## PROBLEM STATEMENT:
Copy out the data that comes next, character for character, and leave the images aside.

Segment Start: DATA PROVIDED

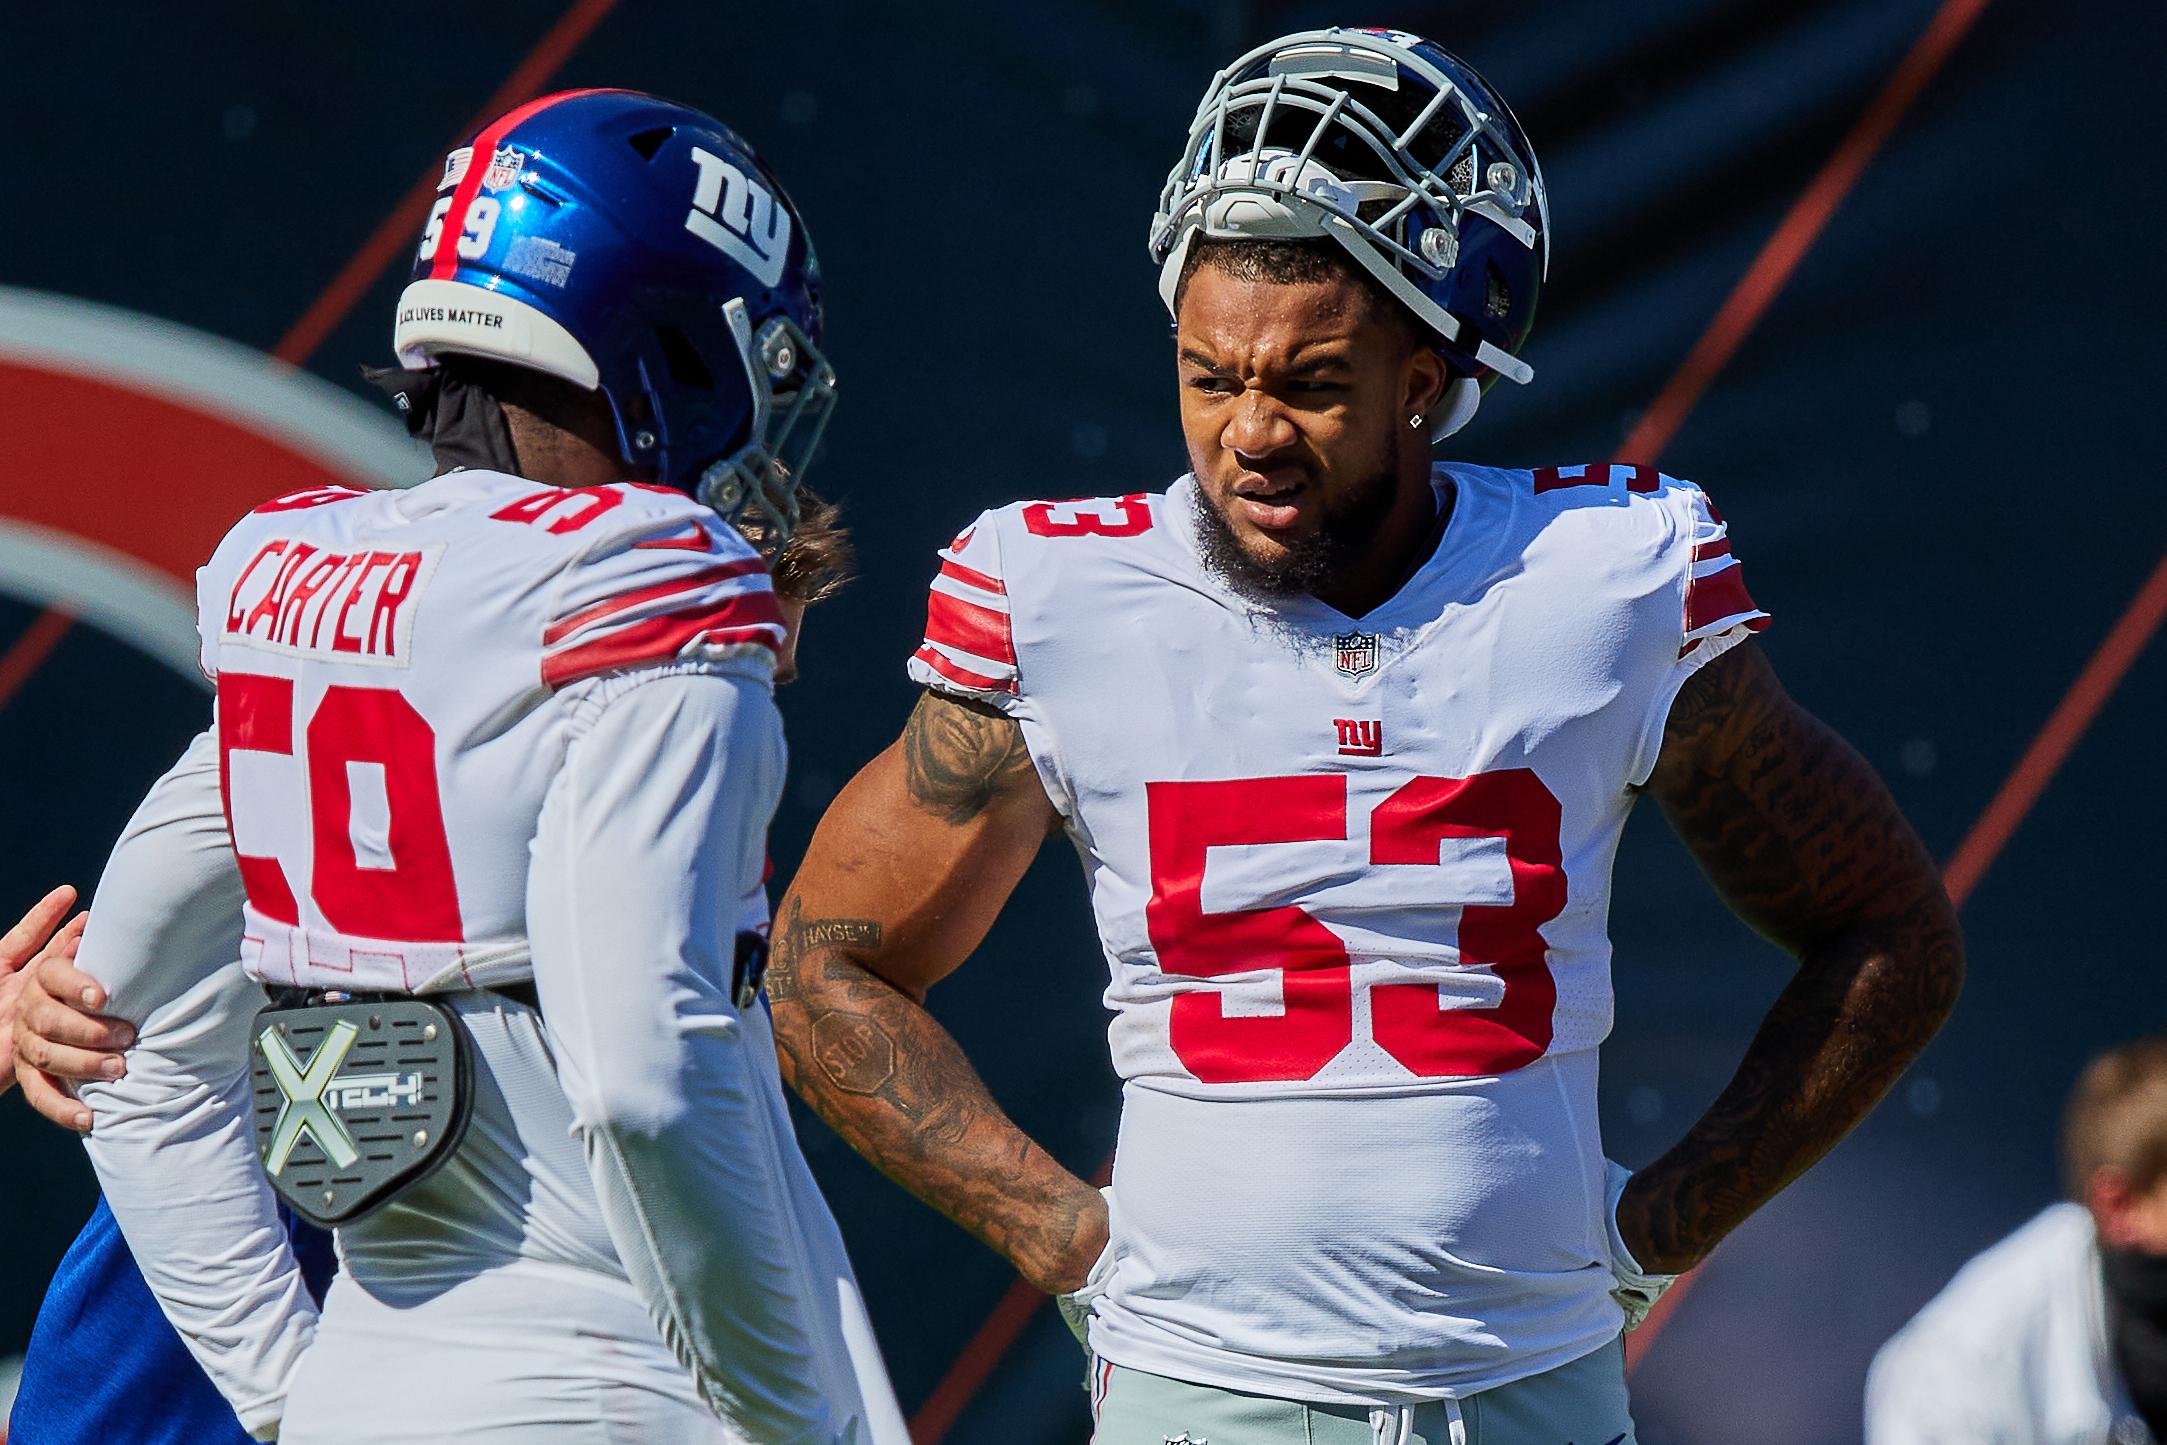 NFL: SEP 20 Giants at Bears
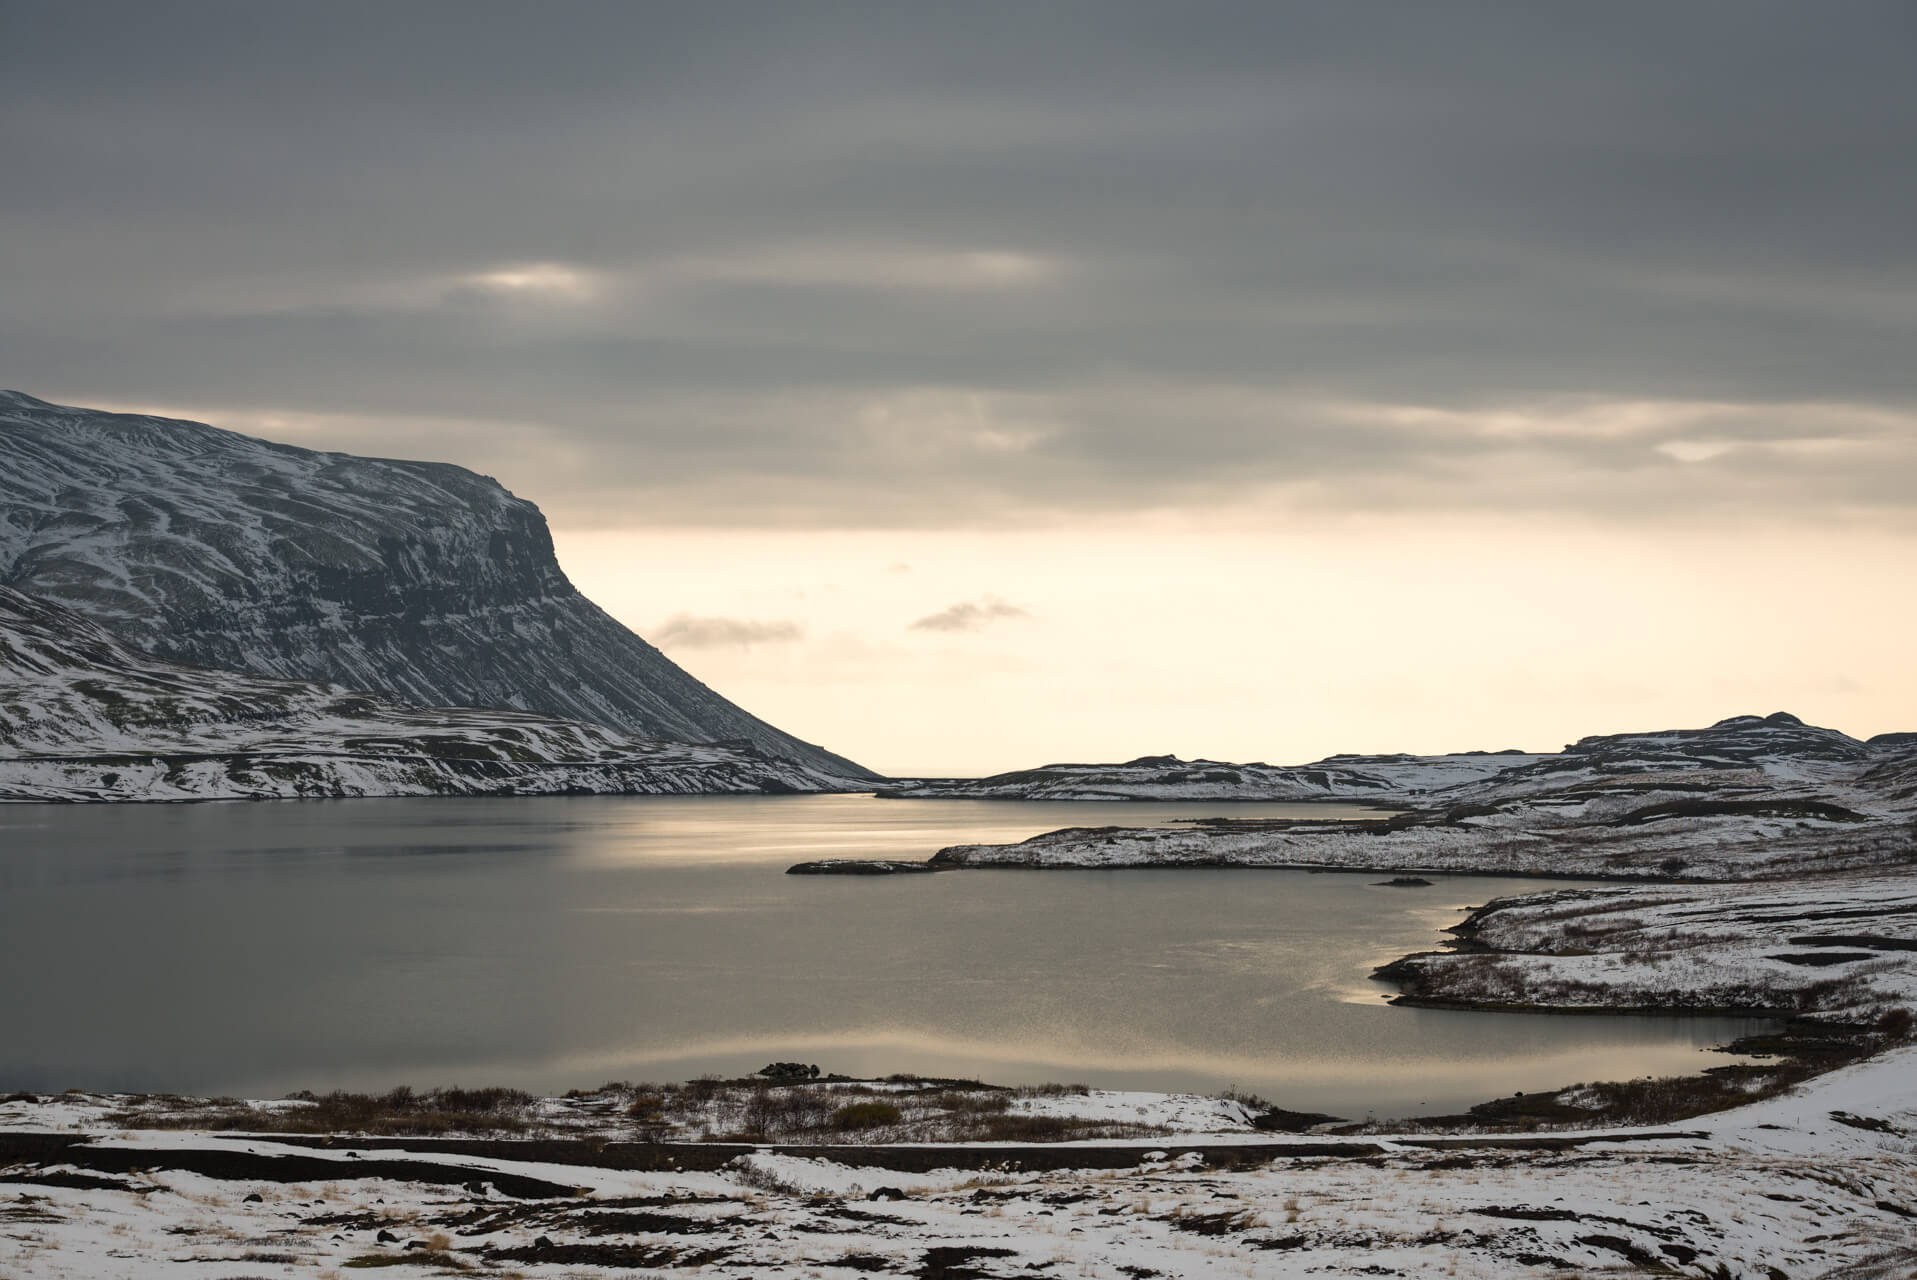 Island, Búrfell; Fotograf Steffen Lohse
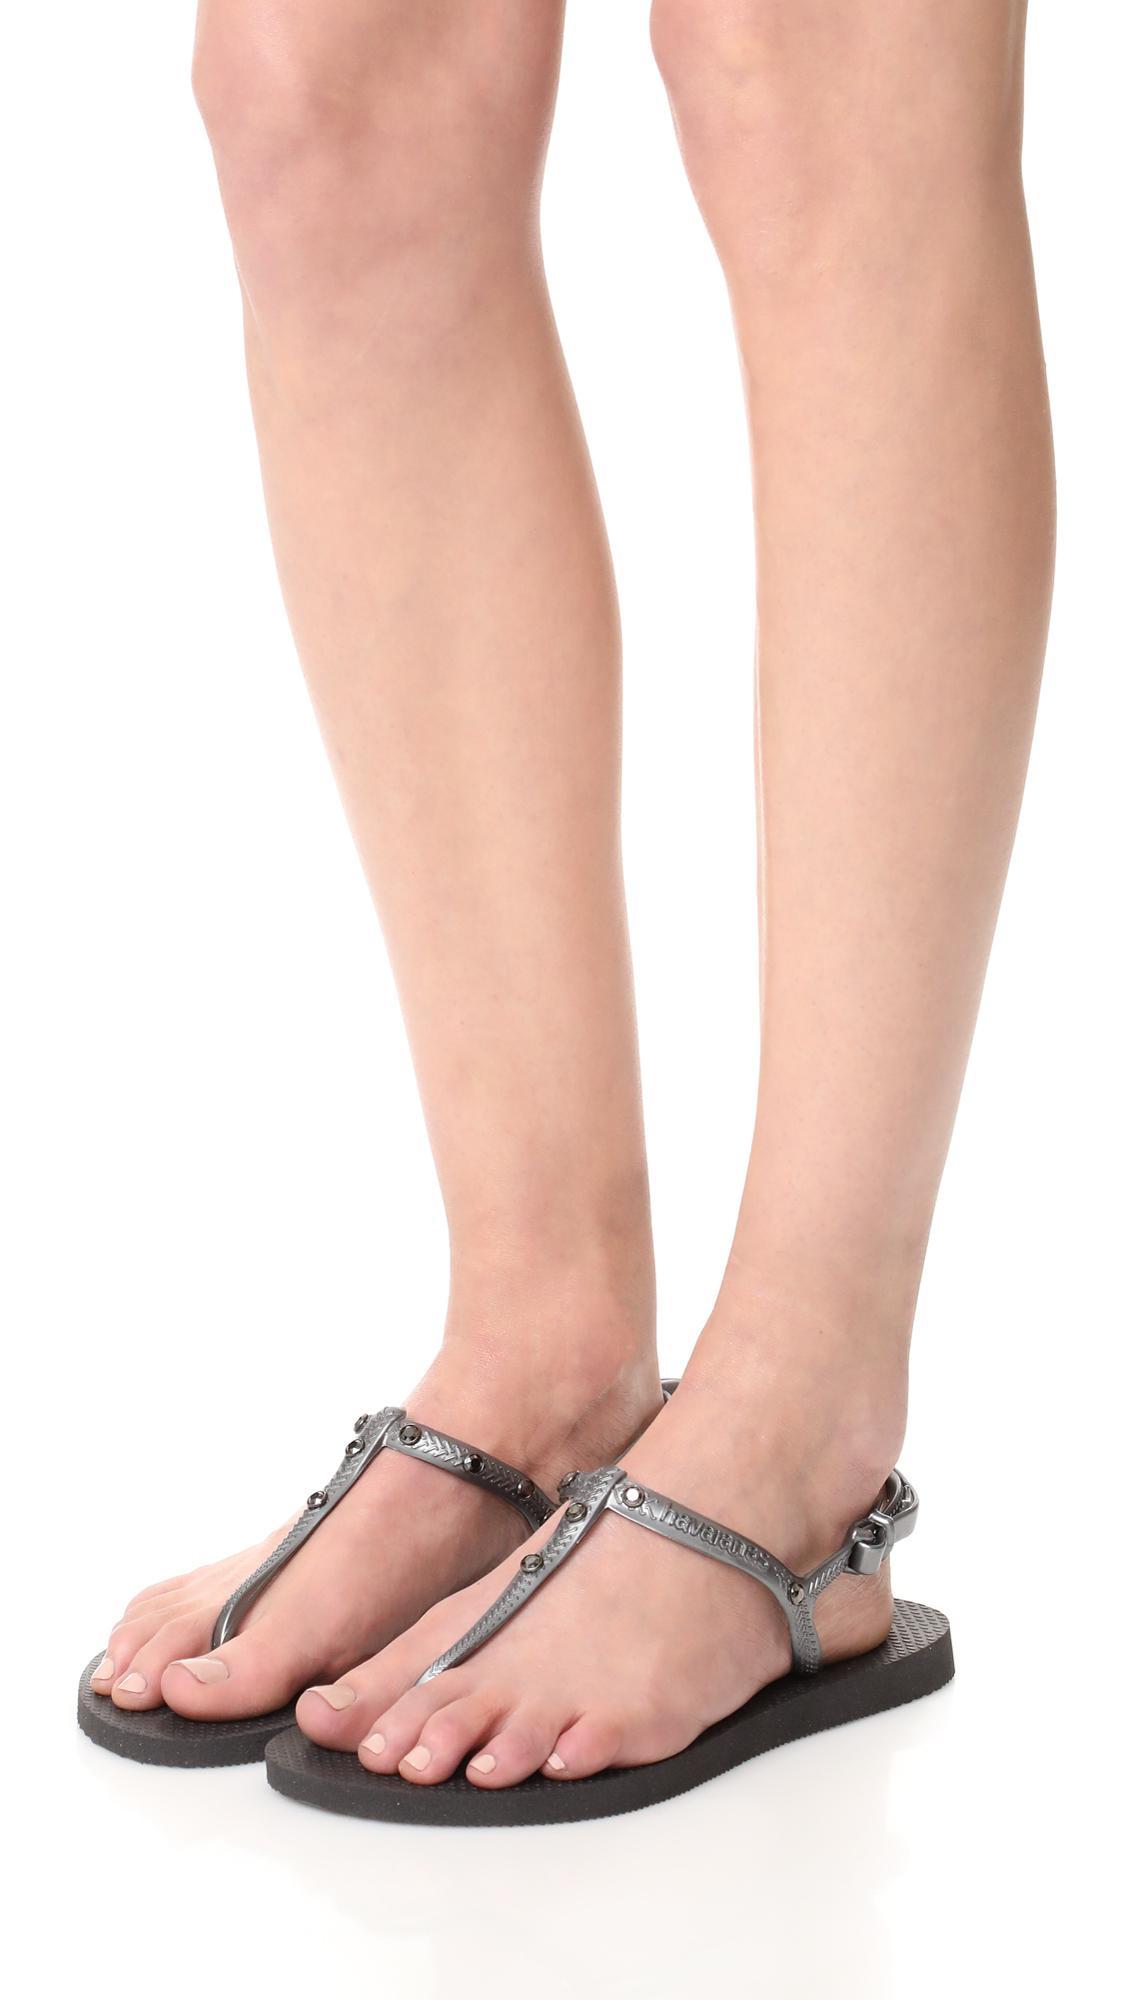 77fc5c9c34854 Havaianas Freedom Crystal Sandals in Black - Lyst
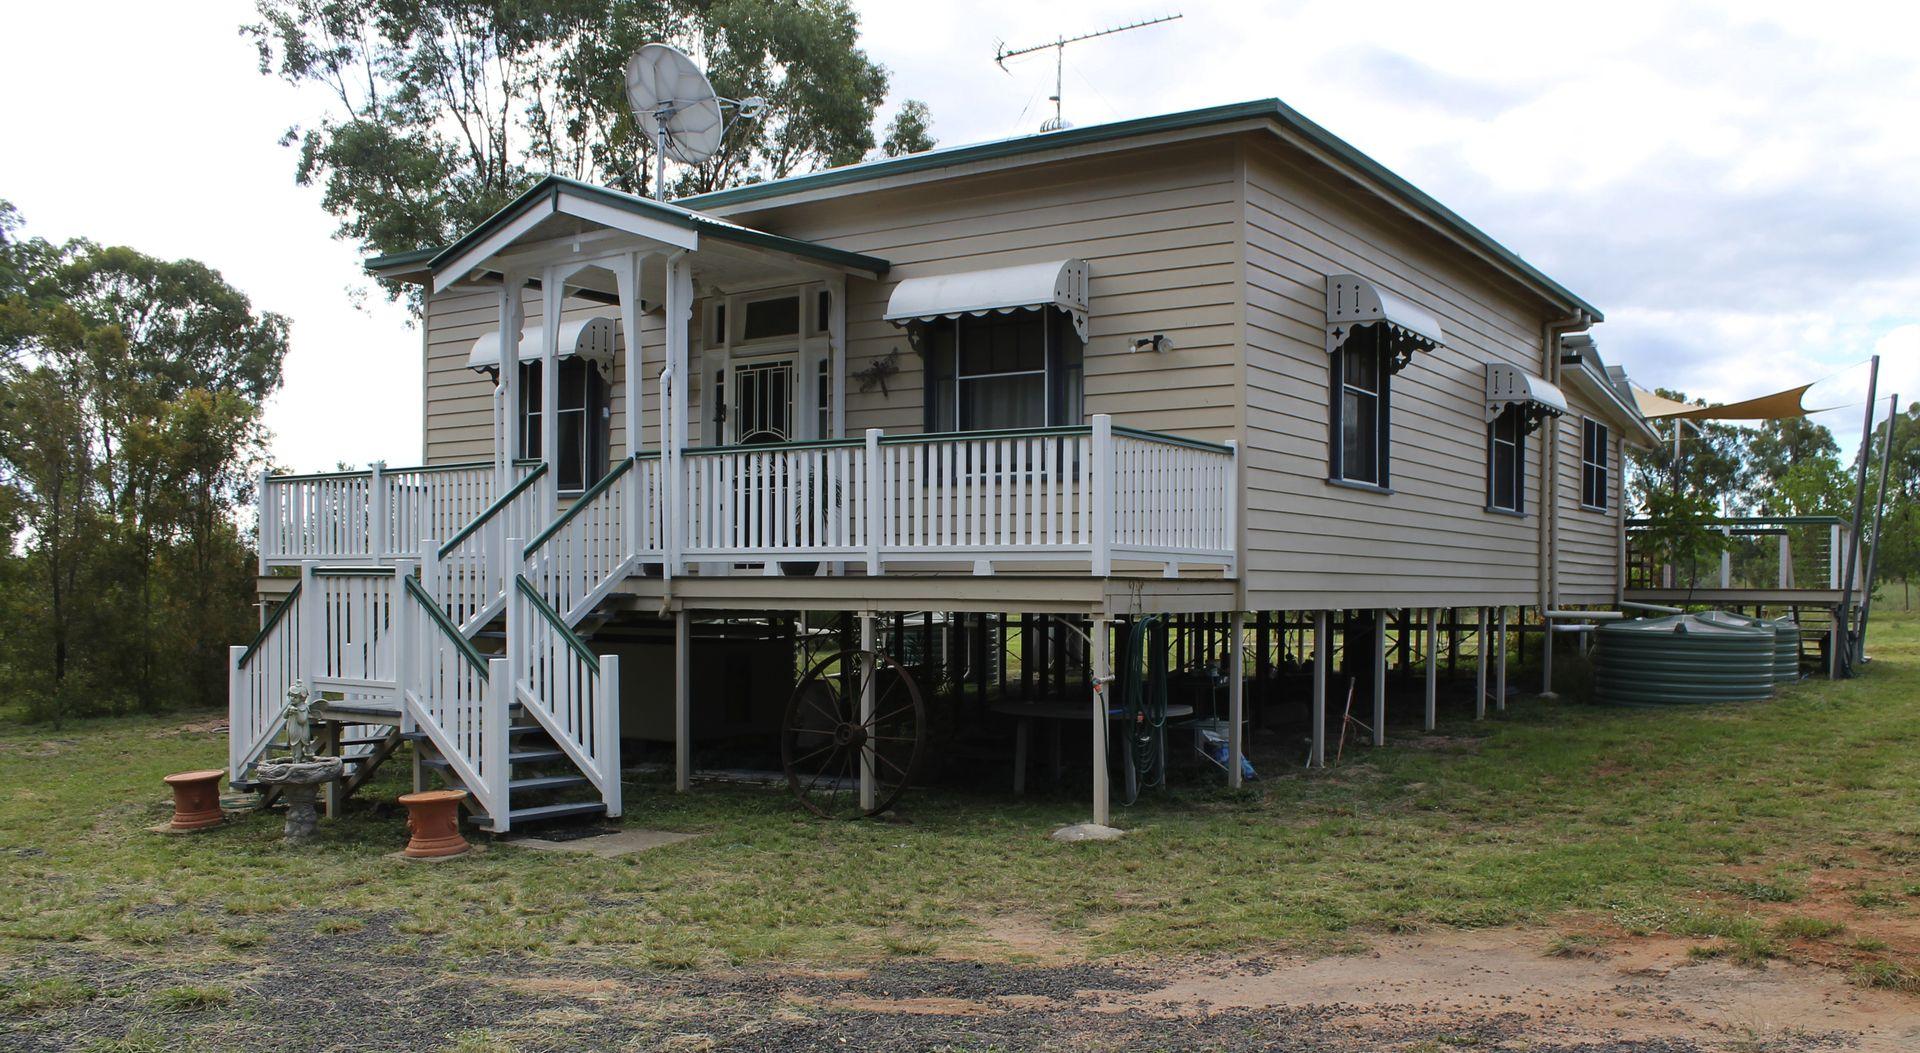 181 Greenup-Limevale Rd, Coolmunda QLD 4387, Image 0

Segment End: DATA PROVIDED

## RESULT OF THIS TASK:
 NFL: SEP 20 Giants at Bears
 Island, Búrfell; Fotograf Steffen Lohse
 77fc5c9c34854 Havaianas Freedom Crystal Sandals in Black - Lyst
 181 Greenup-Limevale Rd, Coolmunda QLD 4387, Image 0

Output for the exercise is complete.